Oneohtrix Point Never: R Plus Seven

Oneohtrix Point Never
R Plus Seven
Warp
2013-10-01

Here’s a confession. Barely a minute into my first listen of R Plus Seven, I was struck by the bracing futility of reviewing it. Not because it isn’t excellent — it is — but how do you describe this stuff? Throw the word “glitchy” around and hope the aural indicators get through? Namedrop a pretty handful of drugs you imagine Daniel Lopatin may have used during its recording, none of which you’ve actually sampled? Front as if you have a genuine sense of precisely how Lopatin constructed this particular batch of dizzyingly intricate sonic puzzles? That I won’t do.

But let’s back up. R Plus Seven is the third or so studio LP by experimental knob-twiddler Oneohtrix Point Never, the nom de plume of Daniel Lopatin, also of Ford & Lopatin, though his most interesting work falls under the OPN moniker. It arrives two years after a significant critical breakthrough, the feverishly warped Replica, which chopped bits and slivers of audio from 1980s commercials into inscrutable compositions marked by formless synth tones, spare piano, and disembodied children’s voices. The result was heady, dreamlike, and brilliant, neither fully melodic nor rhythmic but propelled by interwoven hints of both melody and rhythm.

Lopatin could have done well by repeating Replica’s inimitable bag of tricks. Wisely, he hasn’t as R Plus Seven is more of a departure than you’d expect, and it’s an excellent one. As on Replica — and Returnal before it — Lopatin puts hazily familiar aural signifiers of the past to work in the construction of sound pieces that are fiercely, almost effortlessly futuristic. But here, “glitchy” actually isn’t the descriptor that comes to mind. R Plus Seven is the first OPN album where adjectives like “majestic” and “lush” are substantially more applicable. In brief, R Plus Seven deemphasizes Replica’s sense of walled-off claustrophobia, letting thick puddles of light filter into Lopatin’s lair of sound.

Samples still abound, but Lopatin’s preferred textures have shifted beyond lo-fi commercials and children’s toys and into the far grander realm of the ’70s experimental minimalist tradition. That’s readily apparent 90 seconds into the opening “Boring Angel”, when a steady organ hum explodes into a majestic arpeggio pulse that, at quadruple the length, could have been cribbed from Einstein on the Beach. The piece’s lengthy opening and 15-second coda isn’t a fluke — Lopatin has discovered the church organ, one of several elements undergirding R Plus Seven’s more earthbound textures.

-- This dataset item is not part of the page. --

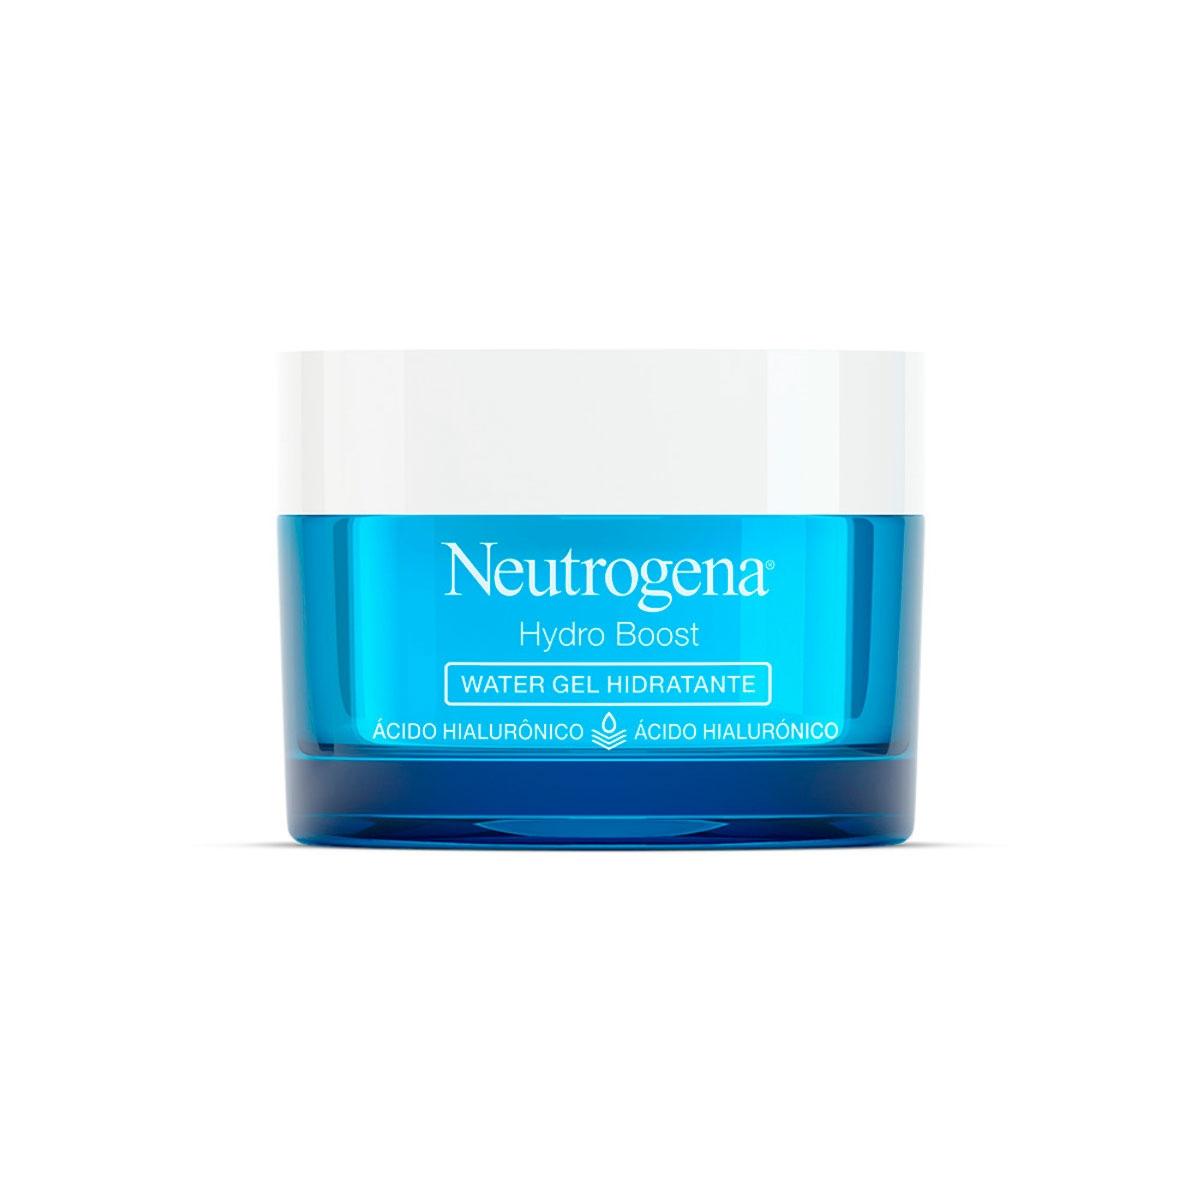 Neutrogena Hydro Boost Water Gel Hidratante Facial com 50g 50g
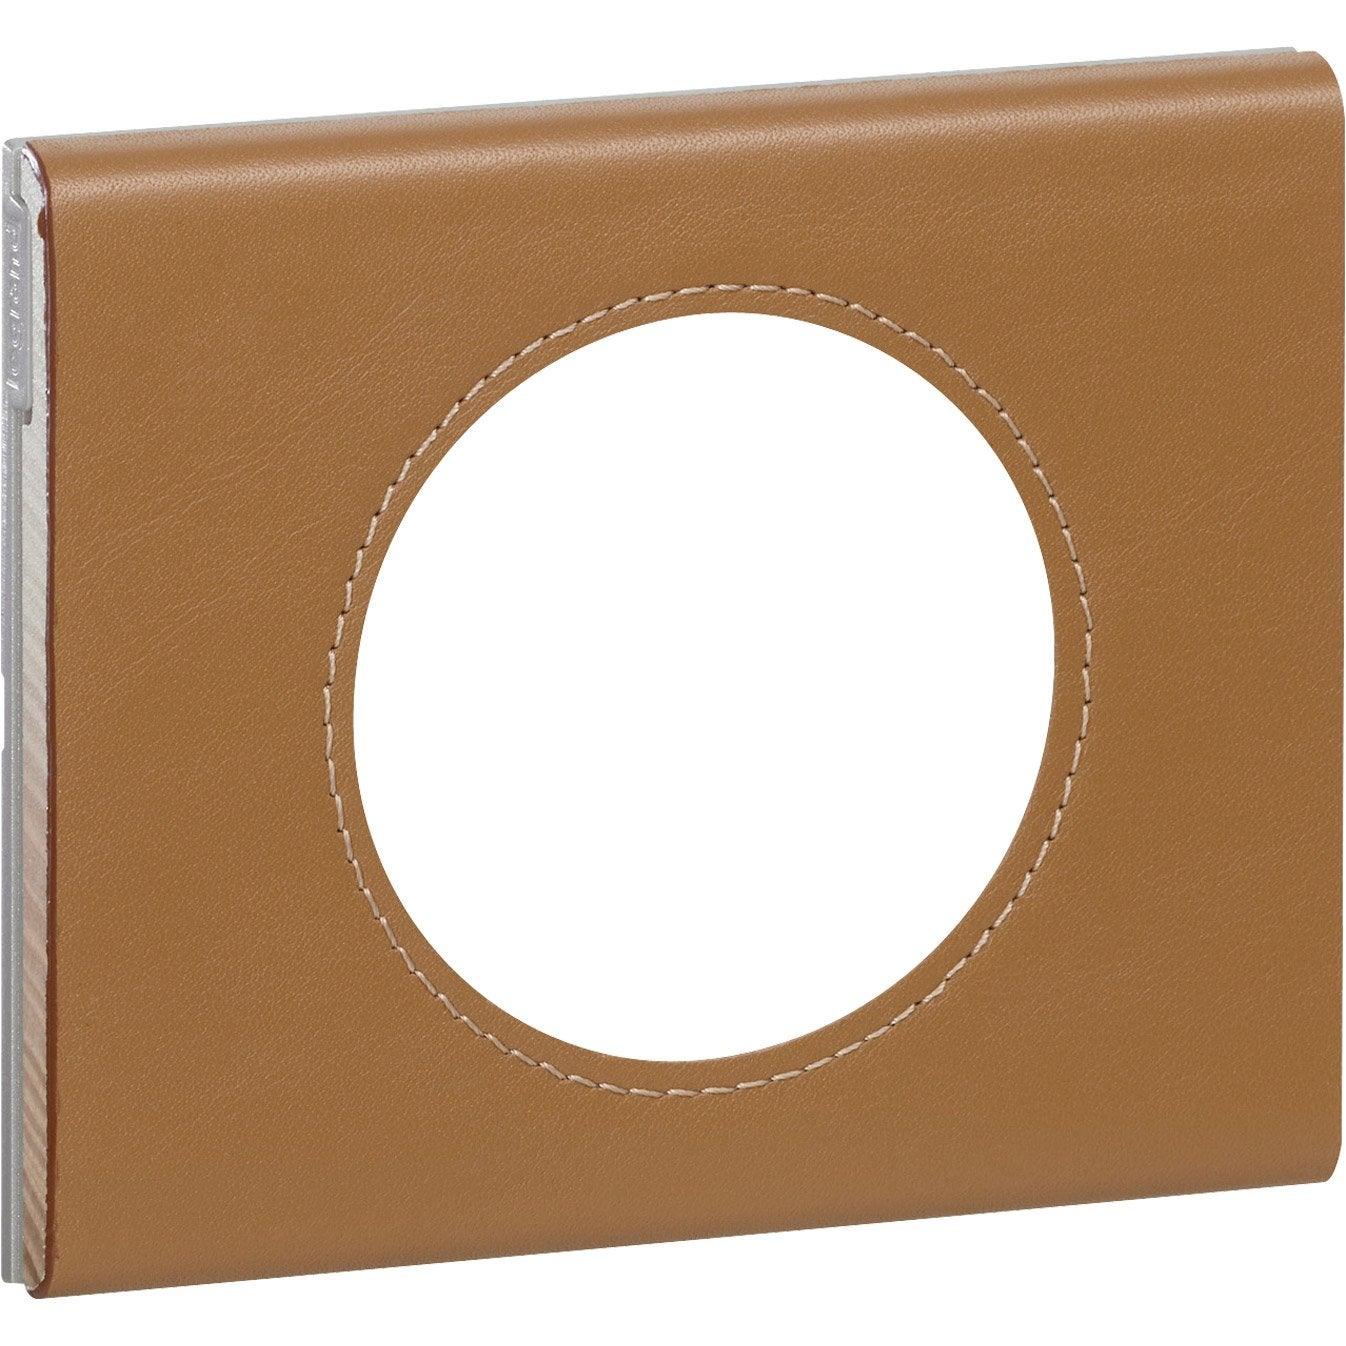 plaque c liane legrand caramel mat leroy merlin. Black Bedroom Furniture Sets. Home Design Ideas

Elsewhere, R Plus Seven contains at least two more uncanny nods to Philip Glass. The best of them is “Zebra”, a stuttering burst of staccato orchestral jolts that plays host to Lopatin’s trademark layering before collapsing into a soupier but no less dreamy mélange. “Americans”, by contrast, feels mesmerizingly indebted to Steve Reich. It’s one of the album’s brightest cuts, opening in a burst of what closely resembles summery birdcalls and climaxing in a shimmering cycle of xylophone pulses. Lopatin splatters the mix with hushed choral-voiced tones (think Music for Airports, “1/2”) that are key to R Plus Seven’s kaleidoscope sensibility.

R Plus Seven’s eerie underbody culminates on the dark, searching “Still Life”. Slight missteps dot the trail — “Inside World” feels unfinished, a scattering spurt of sonic elements that never coalesce, while “He She” rumbles with the sort of groaning harshness the producer has largely left behind — but they do little to disrupt what Lopatin has accomplished. The closer, “Chrome Country”, thrusts towards a stirring crescendo of disembodied “Ah”s, panning piano arpeggios, pipe organs — maybe even a singing saw? — that fades out in a burst as warmly, humanly melodic as anything Lopatin has constructed. Some, I think, will miss Replica’s inscrutably alien flourishes. That’s fair. But the producer’s singular aesthetic hasn’t been compromised. It has simply expanded.